Talk to Dave at Canvas Specialties in Fort Walton. He has done about 30 jobs for customers of mine and all have been 100% satisfied.



Kim


----------



## FLYBOY (Oct 3, 2007)

Hands down Tim at Breeze Fabricators, he put the tower on my boat and it is awesome:bowdown:bowdown:bowdown


----------



## badazzchef (Oct 1, 2007)

Not only does Tim do a hell of a job in metal work with regards to towers, he does a great job of building out a restaurant bar with the tower material. Anyway ditto to Tim


----------



## Breeze Fabricators (Oct 2, 2007)

Thanks for the kudo's. This will mean alot to the boys at the shop. Tim:usaflag


----------



## whome (Oct 2, 2007)

> *gator7_5 (11/19/2009)*The best work and service in Pensacola? Blue Coral by far. Maybe not the cheapest, but you know how the saying goes.


Definately Blue Coral :letsdrink Their Number is 453-0330


----------



## PELAGIC PIRATE (Oct 10, 2007)

Thanks Guys , I have contacted all the people who have been suggested to me and i am feeling them all out to see who can best handle this job and the time frame it needs to be done in .

Thanks again to ll that helped with suggestions.

The finished work can be see as soon as i go fishing when its done !


----------



## Kill Shot (Jun 17, 2009)

Call Jeff Herndon at Big Pipe in Gulf Breeze. He builds all the towers for Cape Horn and does a great job. Has done several things for and he knows what it means when you say you have to fish "tomorrow".

Cell 850 380 1958


----------



## MULLET HUNTER (Oct 3, 2007)

> *gator7_5 (11/19/2009)*The best work and service in Pensacola? Blue Coral by far. Maybe not the cheapest, but you know how the saying goes.

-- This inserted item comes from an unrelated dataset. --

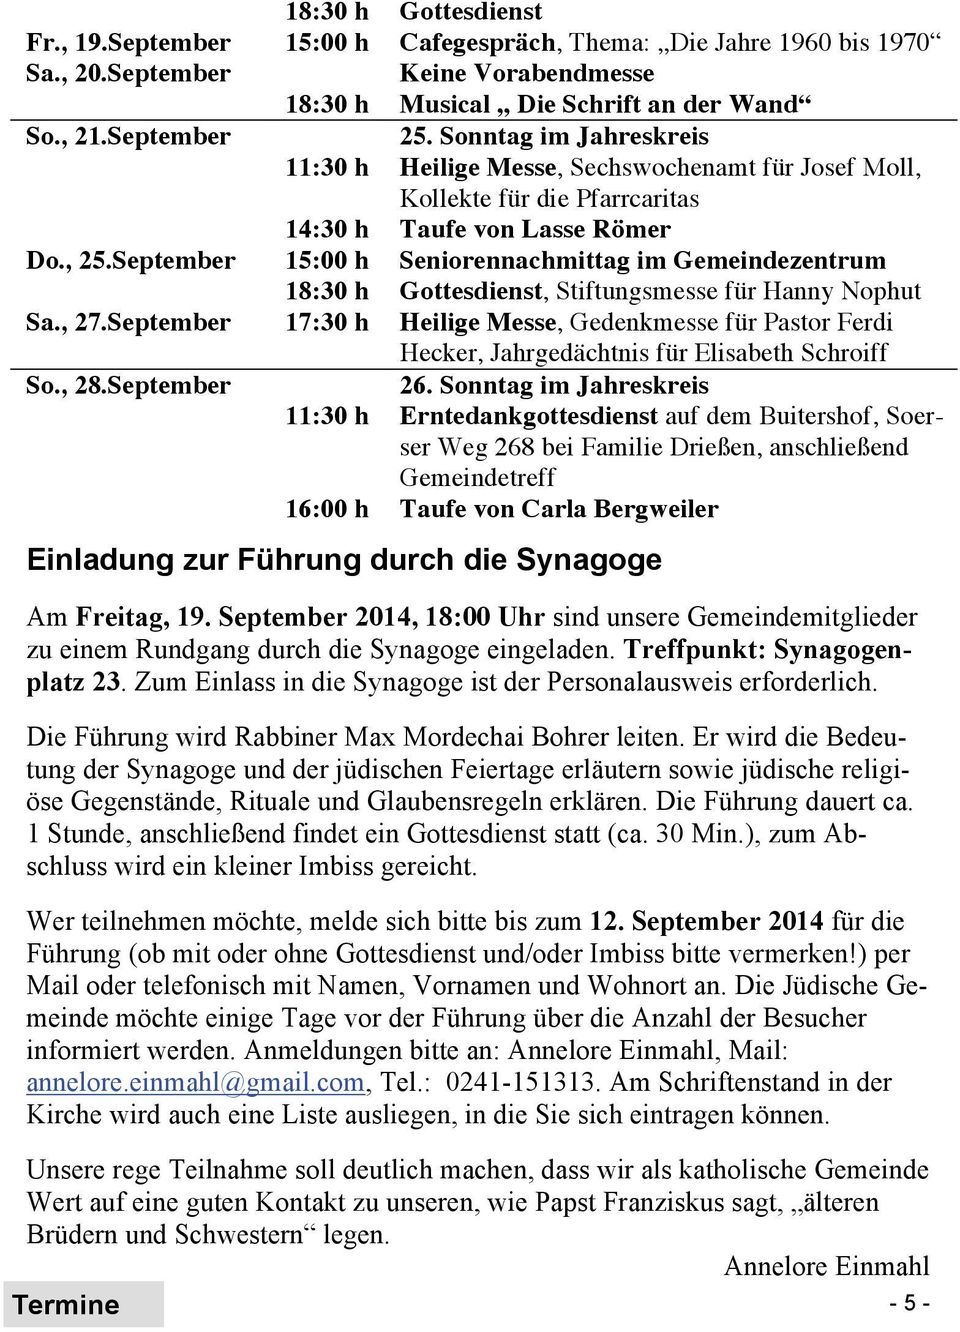 September 15:00 h Seniorennachmittag im Gemeindezentrum 18:30 h Gottesdienst, Stiftungsmesse für Hanny Nophut Sa., 27.

they did a great job on my boat, and by far the most expirenced in town!!!


----------



## Breeze Fabricators (Oct 2, 2007)

Rowland and I started Blue Coral. They have no more experience than my company. They do similar quality and Rowland is a great person and his company does great work. Our insurance, licenseing ect. is pretty much the same. Jeff Herndon worked for me and Rowland off and on thru the years which was about the same time I built for Cape. Jeff also does first class work. Breeze Fabricators is an employee owned company with a fulltime staff of 6 including on staff rigging and mechanic (Tad Sedig factory trained Yamaha). Combined experience would exceed any other company in the panhandle. We have built several towers for Yatchs and commercial boats in the 70 ft. class. We were the factory suppliers for Sailfish Boats, Sundance Boats, Osprey Boats, Cape Horn Boats. We worked with the US Airforce to prototype the drop and drag systems on thier Premium water saftey boats as well as work for the Coast Guard, US Navy and like I said before the Airforce( Eglin has some high speed recovery Regulators that we also did some proto type work). We will meet you any day of the week and when goals are set for delivery they are always met. Sorry for the rant. Tim:usaflag


----------



## Matt Mcleod (Oct 3, 2007)

Tim has been in the alum fab business for a long time. Great quality work, and his prices are very competitive. I've never talked to anyone , whether the job was big or small, that was not 100% satisfied.


----------



## Crimson Tide (Jul 24, 2009)

*Tower Work*

I just have to weigh in on this one as I recently tried to get Breeze Fabricators to do some work. The boat was 200 yards from their business. Despite two trips to Breeze Fabricators, I could not get a return call or even an estimate to mount outriggers. I had driven to their business twice and left my name and number in writing with whomever was there. Blue Coral is by far the only way to go. They return calls, get the job done beautifully and well within my lifetime. Despite telling me that "no job is too small". Breeze couldn't even look at my boat, and it was within walking distance. Blue Coral is the real professional.


----------



## Fish Happens (Oct 21, 2007)

*+1 for Tim. Fantastic work.*



Linkovich said:


> Tim at Breeze Fabricators. He's been doing it forever, does great work, and is a forum member!


----------



## silvershore (Jan 18, 2010)

B&D Welding all the way!!! Bruce & Doug do Awesome work!!!!

Capt. Kyle Price
Priceless Fishing Charters 
850-341-0627


----------



## Pinksnappertrapper (Dec 7, 2007)

Im sure he got his top done, its been almost a year.


----------